If the hypothetical couple bumps its deferral to 10% over 30 years, the household could expect to accumulate $594,000, with a 90% probability that account would total between $301,000 and $1.2 million. Finally. saving 8% of pay over 40 years, the household could expect to accumulate $844,000, with a 90% chance that the account would end up somewhere between $370,000 and $2 million.

For a household with median annual earnings, a 6% percent deferral will, at the median likely rate of return, grow over 40 years to an amount that, if converted to an annuity, would replace more than half of the household’s average pre-retirement earnings, according to the study.

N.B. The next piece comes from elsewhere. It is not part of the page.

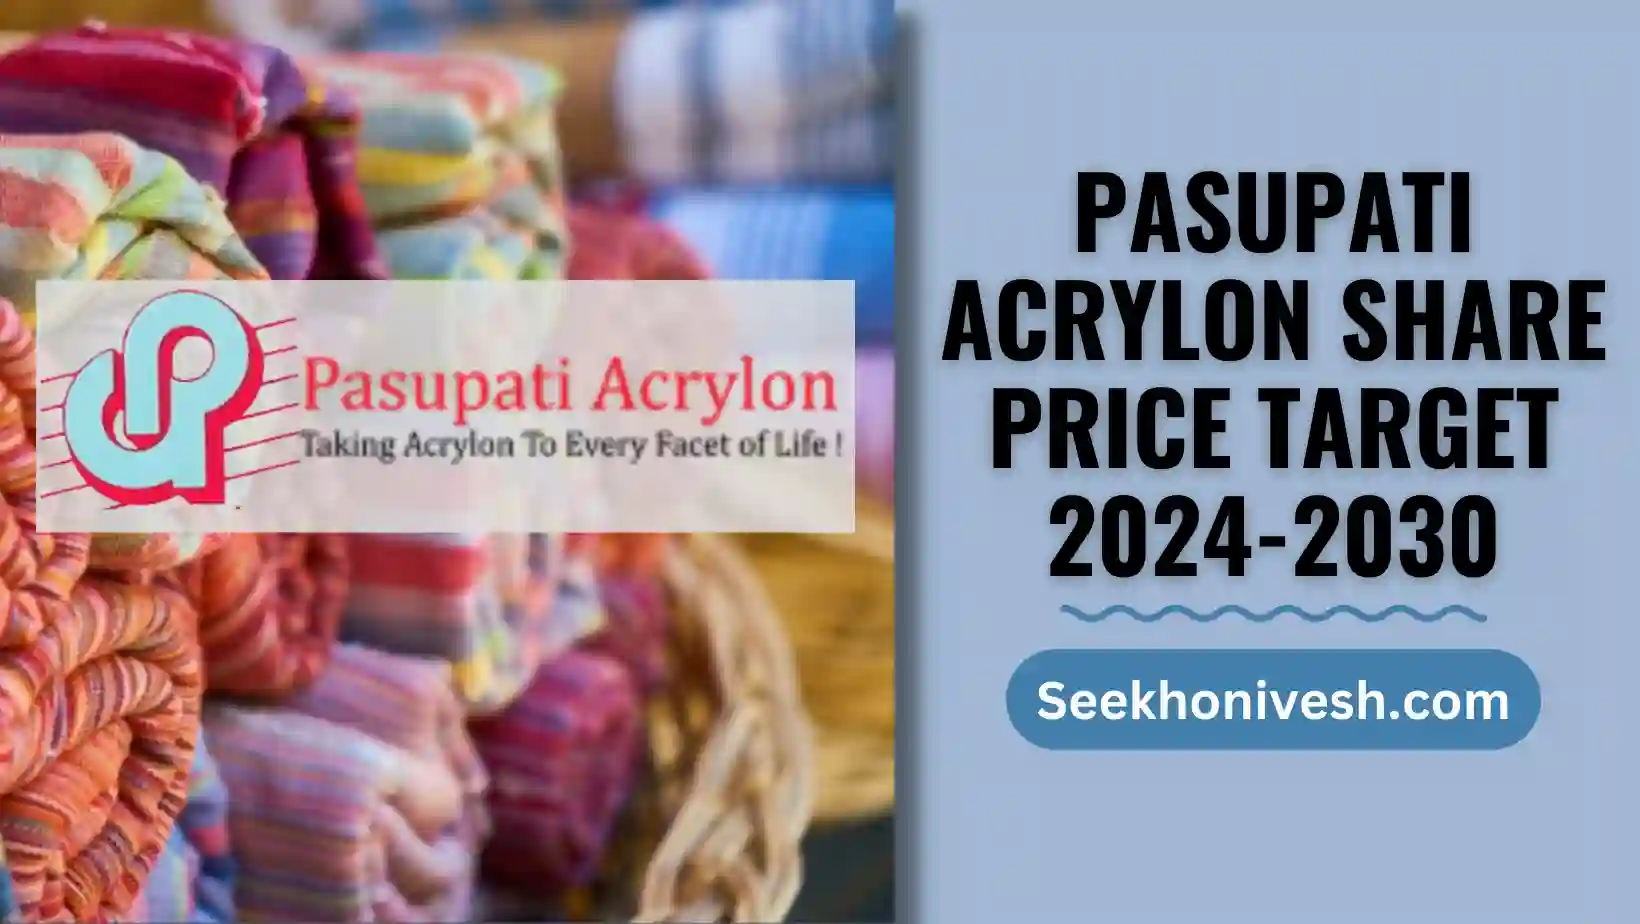 Pasupati Acrylon Share Price Target 2025 to 2030 full analysis

At a 10% contribution rate, the annuity value of the account would replace more than 90% of the household’s pre-retirement earnings, assuming rates of return are at the median.

“This variability in rates of return is something over which workers have no control, and which will inevitably lead to some uncertainty in retirement planning,” the authors wrote. “While it may be easier for workers to focus on what they are likely to accumulate in their retirement accounts “on average,’ ignoring the variability of investment rates of return could lead to poor decisions that might be avoided if workers were better informed about the way that variability in investment rates of return can affect their retirement savings over time.”